Philosophy of nature, then, entails a position of unity of thought and reality which proceeds from God himself, and conversely, if I would not have posited nature as really existing from the beginning, reality would prevent the thinking subject to effectively conceive the idea of God:
If (per impossibile) no nature existed for me, or I could set it down as annihilated, and I thought God truly and with living clarity, then in that same moment the real world would have to fulfil itself to me (this is the meaning of the often-misunderstood identity of the ideal and the real) (SW VII, 31).
The identity of the real and the ideal is simply the thesis according to which being or objectivity must correspond identically to true thinking. In other words, to think of God as existing is to think of him as a being with real content and thus implies thinking of nature or being as existing objectively as well (see SW VI, 31).

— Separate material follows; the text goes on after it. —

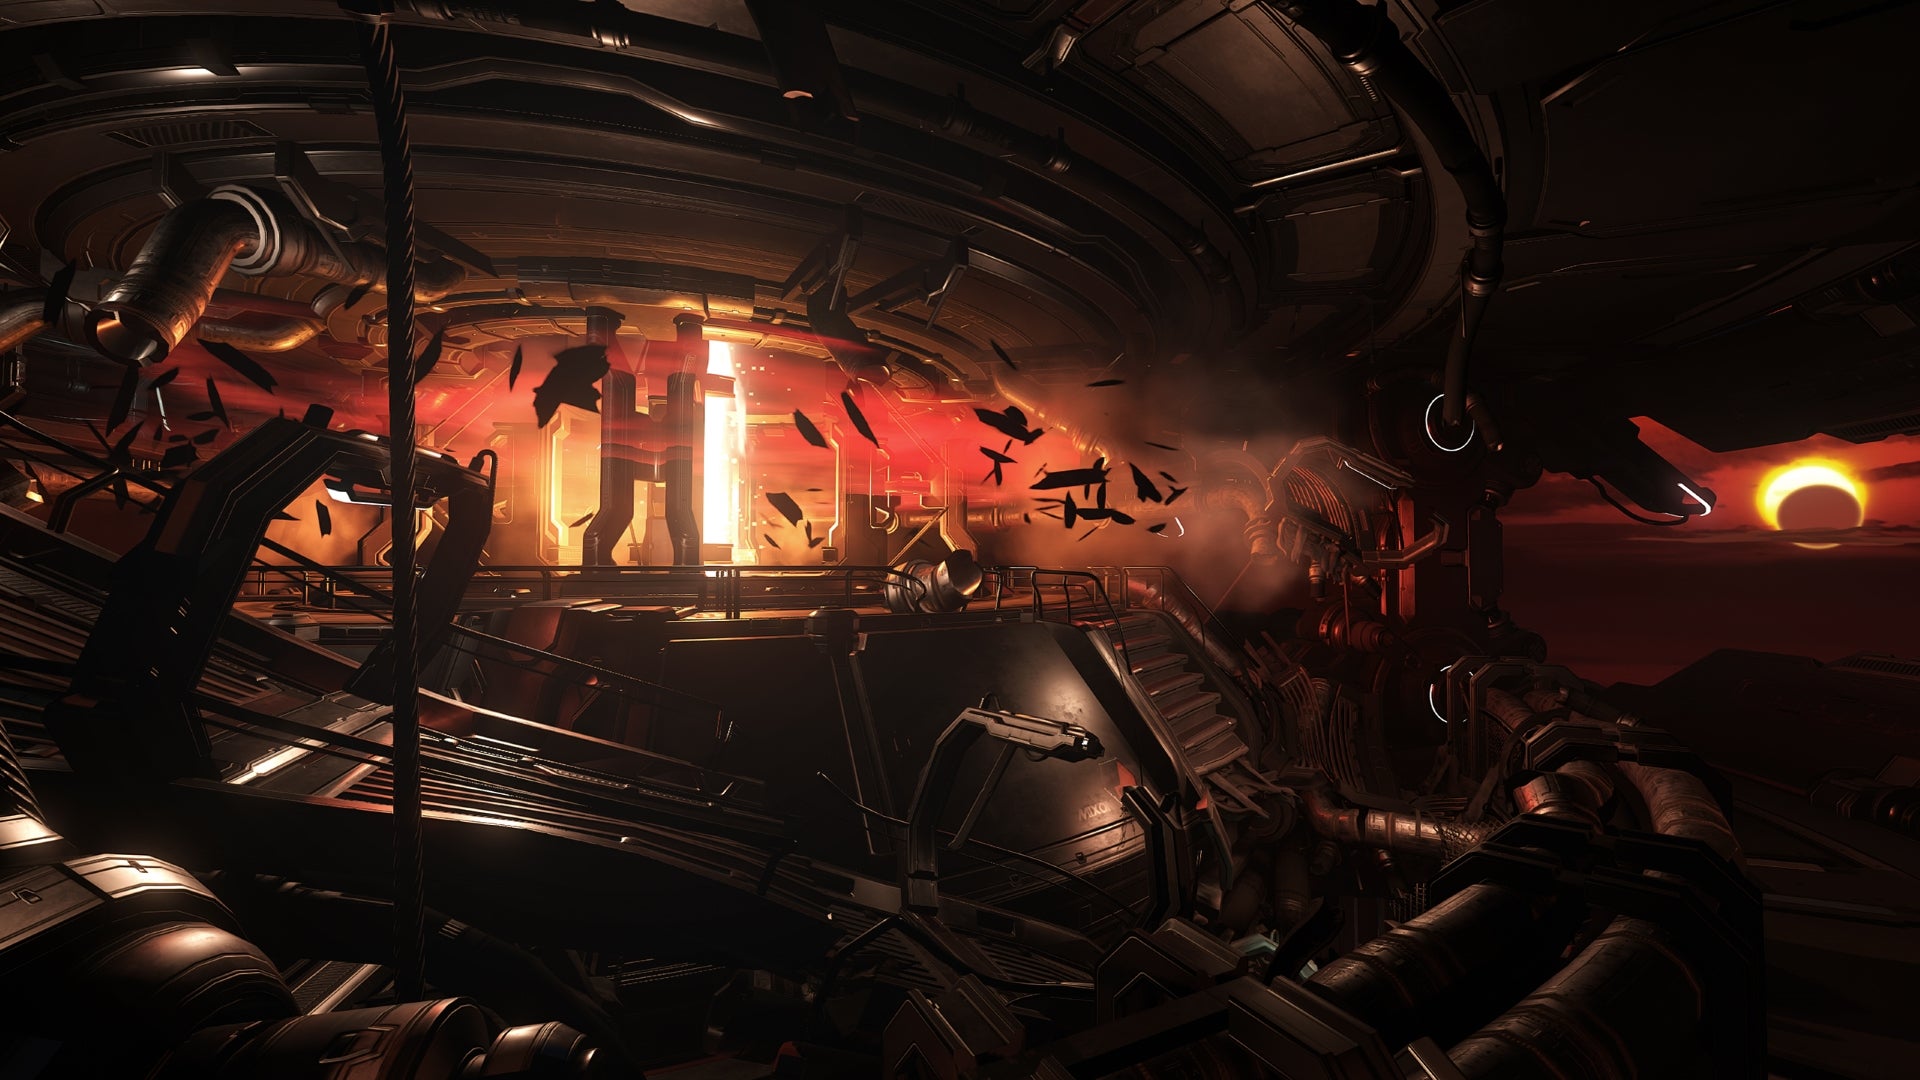 Screenshot of Doom VFR game showing a chaotic space station interior.

If we retrace our steps to the equivalence of philosophy and philosophy of nature, we must admit, according to Schelling, that with it we not only go from mere cognition to knowledge, but we reach even further: intuition (Anschauung) of the effective itself and the identification of the world known to us with the world of nature. This is what we mean when we speak of the actualisation of the ideal in the real and the transformation of the ethical world into a natural, i.e., objective, world for us (see SW III, 352).11
In short, for a pantheistic view of the world, philosophy of nature corresponds to the totality of determinations of Being-nature is God, Being, the positive: “This presentation [Darstellung] of the life of God, not apart from or above nature, but in nature, as a truly real and present life, is, without doubt, the last synthesis of the ideal with the real, of cognition [Erkennens] with Being, and therefore also the last synthesis of science itself” (SW VII, 33-34; see also SW V, 343). Given that the appearing of the divine in nature in this sense is the final synthesis of science itself, philosophy of nature is thus once more the principle according to which philosophy is the science of the divine. Philosophy of nature as the science of the divine stands again in contrast to Fichte’s conception of being. According to Schelling, Fichte draws an unbridgeable distinction between true effective Being, which lies beyond thinking and is profane, and another reality, accessible only to thinking, in which God or Being would not be in and for itself, but for thinking (see SW VII, 34).
Schelling is here inverting the sense of Fichte’s idealism to establish his own philosophy of nature. Fichte’s thesis on Being, much like Hegel’s later remarks regarding the self-grounding status of reflexion, is that “being” is divided in being-in-itself and being-for-knowledge, but that because being-in-itself is only “known”-in the sense here of us being aware of “being” -through knowledge (as it were), then being-for-knowledge is the truth of being. Their idealism consists in affirming that the opposite is also the case, namely, that because knowledge is the truth of Being, there cannot be any Being independent from knowledge, which is what Schelling refuses from Bruno onwards (see also SW VII, 423-447).12 Here, too, the problem lies in the idealist error that substitutes the concept of being for Being itself and makes the universe or true objective existence begin with the I, which is merely the subjective beginning. We already know Schelling’s critique of the philosophies of reflection: they have an inverted concept of being in relation to thinking, since what appears to them as the third, namely, being, is the first, and not thinking - where the bond of being and thinking constitutes the second term of the triad:
Behold the old root of error again evidently brought to light! A world that is only accessible to thinking, in which God is, and another world that is completely empty of God, absolutely alienated from him, and therefore absolutely ungodly, which he calls the real one, are insurmountably opposed to each other (SW VII, 34; see also SW VII, 96-96 and Snow, 2018, p. xxii).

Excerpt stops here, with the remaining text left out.